Thursday, April 15, 2010

Looking Back After Divorce - Why You Chose Your Mate

Copyright by Merlene Bishop

One of the most significant things you can do after a divorce is to assess your reasons for choosing that person as your mate. There are conscious choices for which the reasons are clear, then there are more smarmy reasons not always evident for why you chose your spouse. If you grew up in a dysfunctional family (an estimated 80 % of us did) you carried unresolved issues with you into adulthood, issues connected to your relationship with your mother and father. Many people are not aware of these issues and how they affected their relationships with the opposite sex. It is very common for people from dysfunctional family backgrounds to choose a mate who in some way resembles their parent(s) from a psychological perspective.

For example, if your mother or father was emotionally unexpressive and not affectionate you may have married a person who was emotionally unavailable, i.e, who had some of the same characteristics. Other issues from your family of origin may be frequent criticism, shaming, embarrassement, emotional abandonment, family alcoholism or workaholism. Whatever they were, they had a profound impact on your choice of a mate, and a profound impact on the reasons for your divorce.

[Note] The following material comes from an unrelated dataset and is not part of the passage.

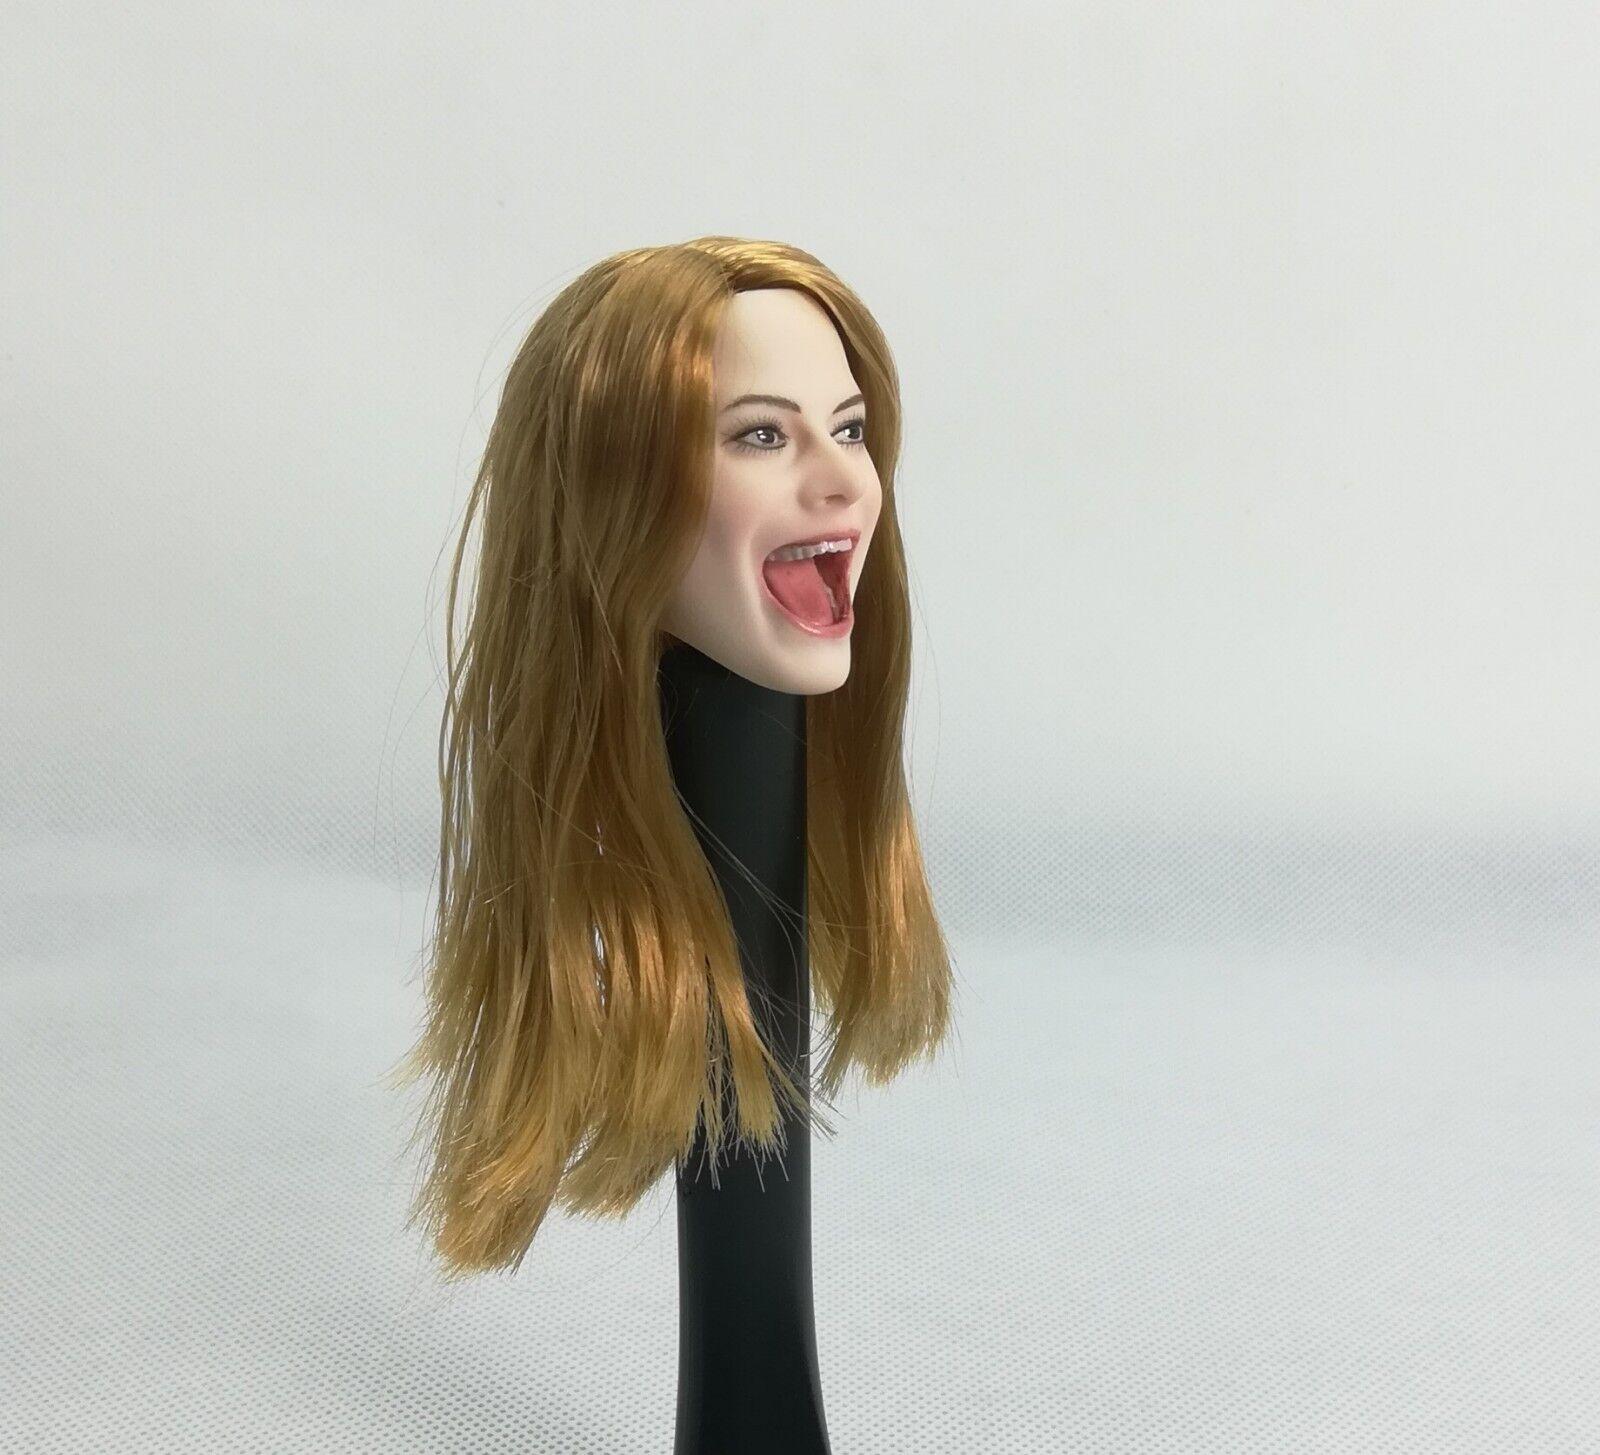 1 6 Female Blonde Hair Head Sculpt Singing Open Mouth F 12'' Figure Body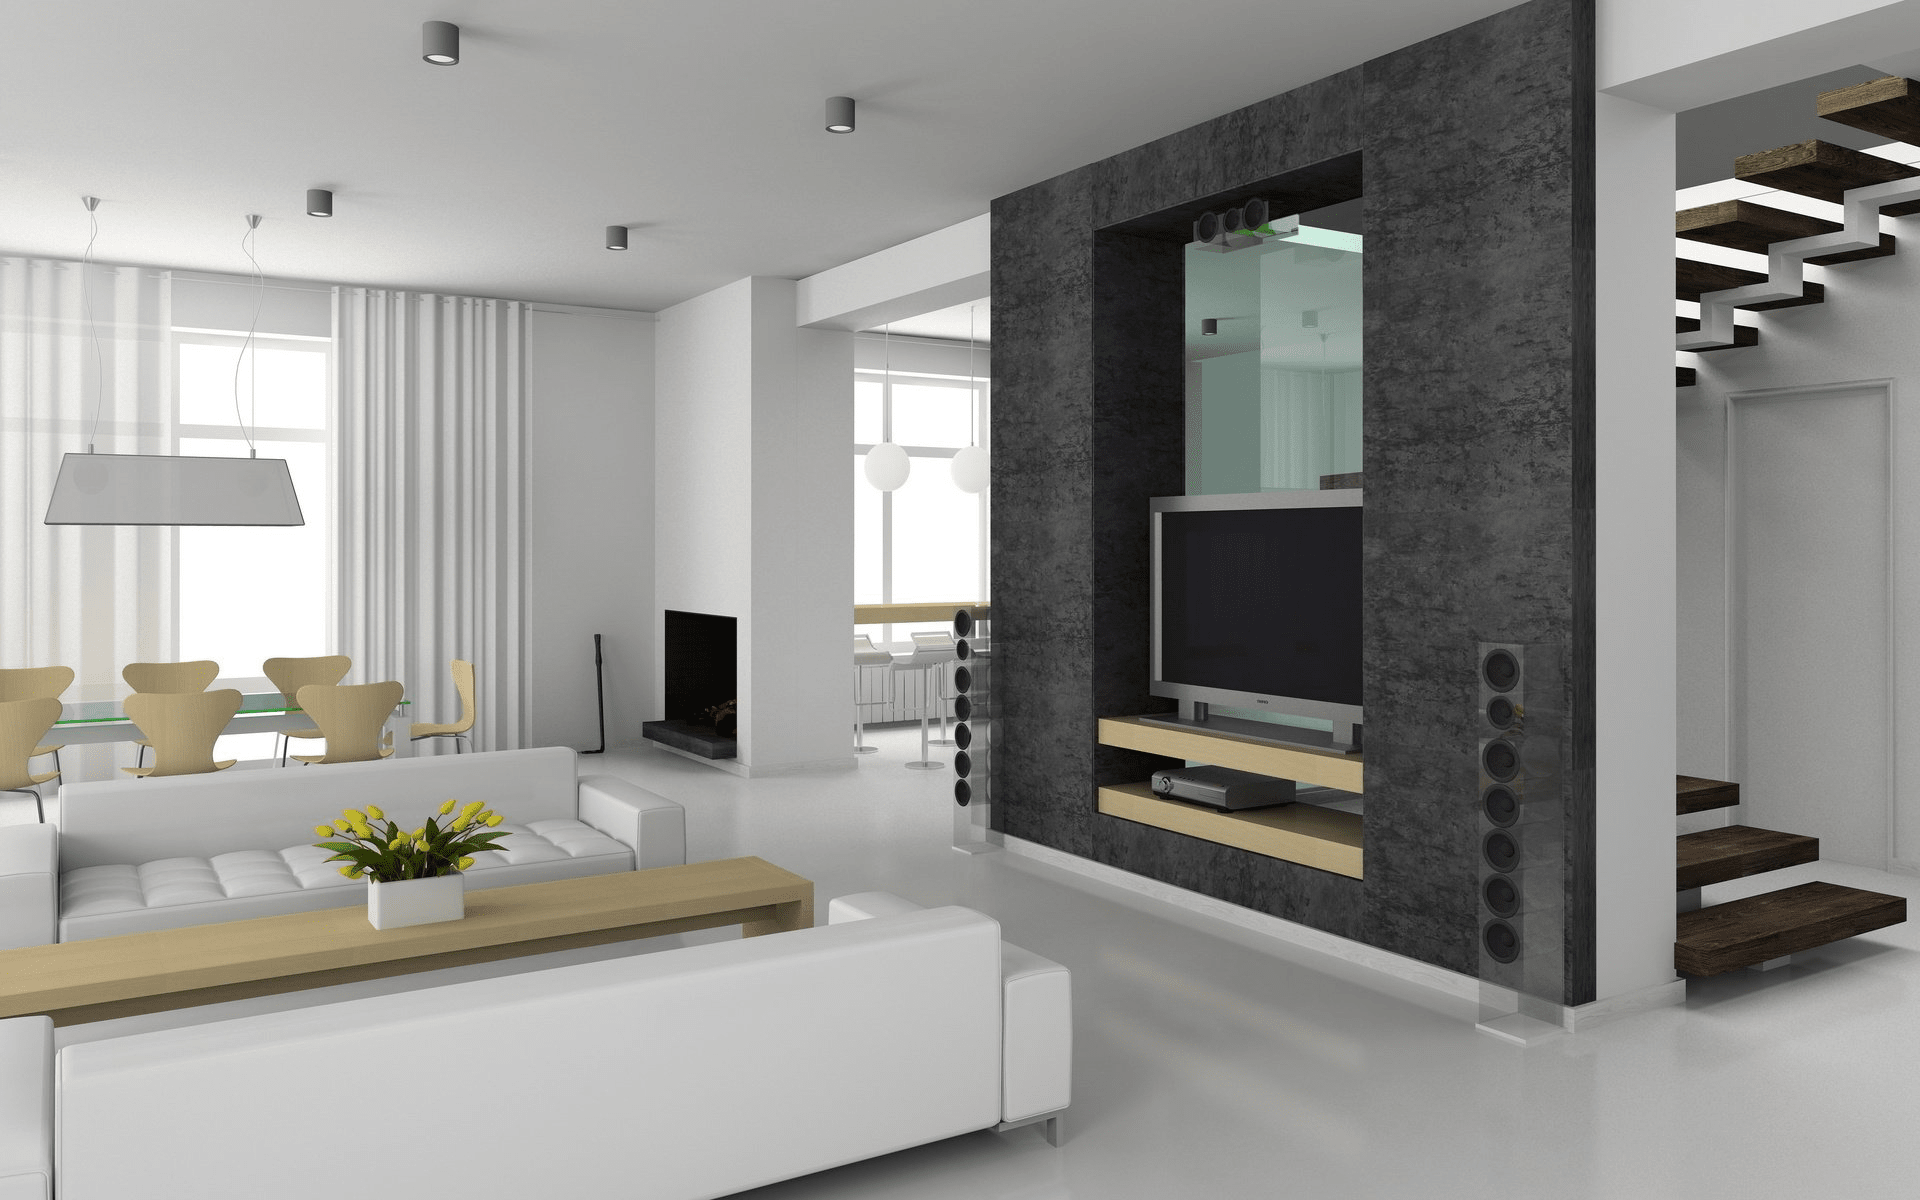 Дизайн домов - Модерн

Your choices are not a real choice in the true sense of the word. We tend to drift into relationships with people that seem familiar and comfortable to us in a psychological sense. It is essential to your future happiness that you assess these issues in regard to your choice of a spouse. The best way to start is by doing a written assessment of the ways that your ex-spouse did not meet your needs. After you have done that, think about the ways that your needs were not met in childhood, and of the ways that your mother and father were not responsive to your needs. Was one of your parents overtly critical, or just subtly? Subtle criticism can be difficult to pin down. It usually ocurrs in the form of an absence of praise and encouragement.
Think back to a time when you were feeling proud of yourself for some accomplishment, and your mother or father didn't comment at all, or barely acknowledged it.

Let's assess some of the issues that are part of dysfunctional families:

*No open discussion of problems - whatever the problems, there is an attitude of "it's not that bad"
* Feelings are not expressed openly
*Triangulation - one person acting as a messenger between two others
*Unrealistic expectations for boys - be a man, don't cry, be strong, never let anyone see you upset or sad
*Unrealistic expectations for girls - be feminine, don't play with toy trucks or cars, don't get dirty, always be polite
*Don't be selfish -it's not OK to think about one's own needs
*Don't rock the boat - don't do anything that might upset the status quo

Regardless of the type of dysfunction, you were imbedded with the dysfunctional charactersitics early in life. By the time you were old enough to start dating, you made your choices based on your childhood conditioning. When you got married, it is nearly 80% likely that your spouse had some if not all of these characteristics. The following illustration is a classic example of a divorced spouse that carried these characterstics:

*A person who didn't communicate about important things. He/she just did what needed to be done without discussing it first with their spouse.
*A person who was rarely affectionate. Your sex life was inadequate since there was no open communication.
*There were rarely any open discussions about money. There was more conflict or disagreement than cooperation.
*Your spouse was inconsiderate of your needs.
*He or she frequently put work first, leaving little time for family activities.
*He or she was often preoccupied with "busy work" at home.
*He or she was never available for quality time with you as a couple.

Is this beginning to sound familiar ? If so, your next task will be to look at the relationship between you and your spouse before the divorce. It is a high probablility that he or she had some of those characteristics and you never made the connection to your family of origin. The problems in your marriage that led to divorce were likely intricately laced with the above mentioned issues, but you and your spouse operated on automatic pilot, emotionally speaking and never became aware of them as problems. It was just considered part of the way things were.

However, at some point, the complex issues of family life became too burdensome because neither you nor your spouse had adequate relationship and communication skills to draw from as a result of the conditioning from your dysfunctional family. In situations like this, one spouse may have intiated counseling at some point during the marriage, and began to dimly see that there were problems. These problems could have been resolved if both people had been willing and emotionally capable of working through them. The person who had the greatest extent of dysfunctionality was not able to see the problems - they perceived the problems to be non-existent or blamed the other person for them.

In other cases, one spouse began to grow and change for the better and began to realize that there was something missing in their marriage. Whatever the circumstances were, the one person who was dissatisfied ultimately filed for divorce. Now, for a moment, put yourself in this situation as the one who filed or the one who thought there were no problems. Regardless of which one you are, it is vital to your future happiness to learn about your family of origin and the dysfunctions that carried over into your marriage. A good source of help is Co-Dependents Anonymous, a 12-step support group that covers common issues of dysfunctional families. If the problems in your family of origin were alcohol-related, Al-Anon and Adult Children of Alcoholics are good sources, both 12 step support groups.

If you are willing to commit yourself to personal growth, you can recover from the psychological dents originating from your dysfunctional family and learn to make healthy choices in future relationships. Your success depends on YOU.